L’importatore Davide Romano sta avviando la distribuzione in Italia del Pineau des Charentes, categoria marginale in Italia ma importante in Francoa. Il prodotto, spesso definito una anomalia virtuosa del panorama alcolico, è ottenuto mediante la fermentazione del mosto d’uva che viene arrestata con l’aggiunta di Cognac AOC, secondo disciplinare, preservando così zuccheri naturali e parte della componente aromatica primaria.
Il risultato è un vin de liqueur dalla struttura intermedia, che sfugge a una classificazione rigida. Il Pineau non è assimilabile ai vini fortificati tradizionali per profilo organolettico, gradazione e tecniche produttive. Nel contesto francese ha attirato l’attenzione di sommelier e chef per la sua versatilità gastronomica. Equilibrio tra freschezza, dolcezza residua e tenore alcolico moderato, lo rendono perfetto l’impiego con formaggi stagionati, preparazioni agrodolci, oltre che in mixology, dove viene utilizzato per conferire complessità aromatica senza sovrastare gli altri ingredienti.

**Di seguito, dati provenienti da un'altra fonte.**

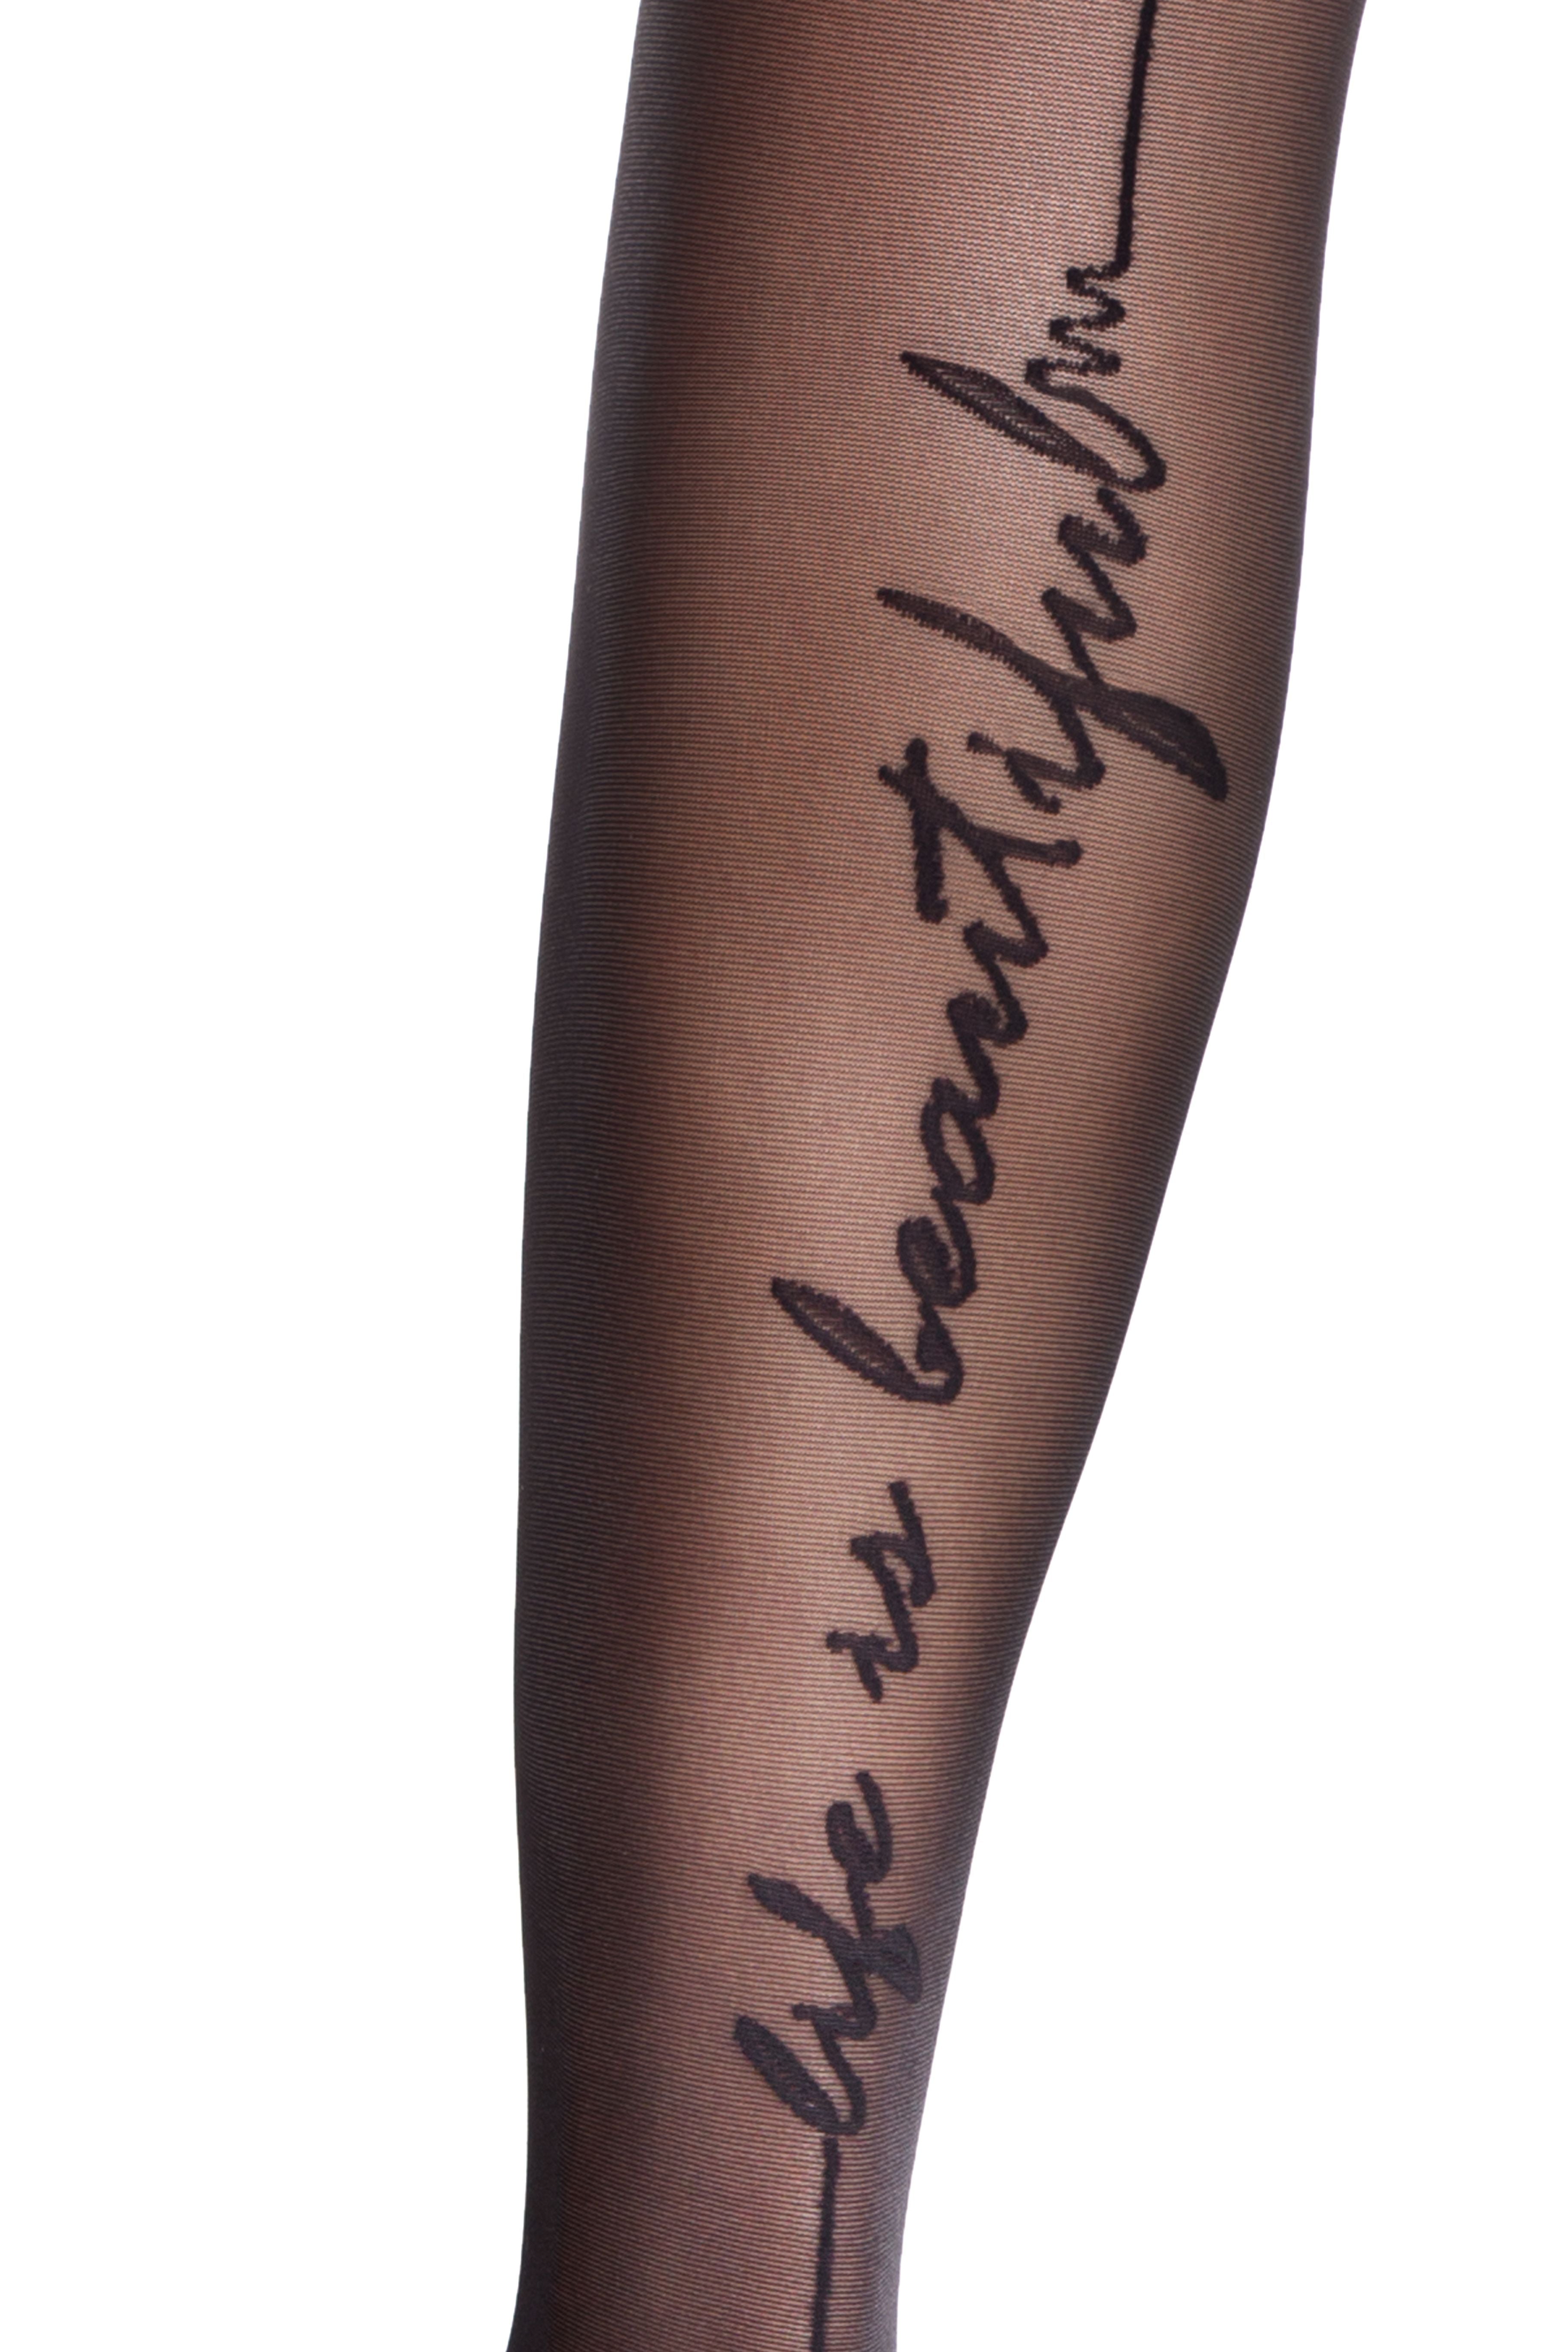 Hlačne nogavice s tatujem v obliki napisa "life is Beautiful" in črto zadaj Conte Elegant Beauty 20 den

I migliori ristoranti italiani (lo assaggiai al Cavetto di Varazze una trentina di anni orsono), da decenni lo propongono in abbinamento ai dolci preparati con cioccolato al latte. Se mi è consentita una digressione, per quelli al cioccolato fondente ritengo siano ancora preferibili, per restare nei vini stranieri, i Pedro Jimenez (spagnoli – Montilla Moriles), o i Banyuls dei Pirenei o semplicemente il Mas Amiel del Roussillon … .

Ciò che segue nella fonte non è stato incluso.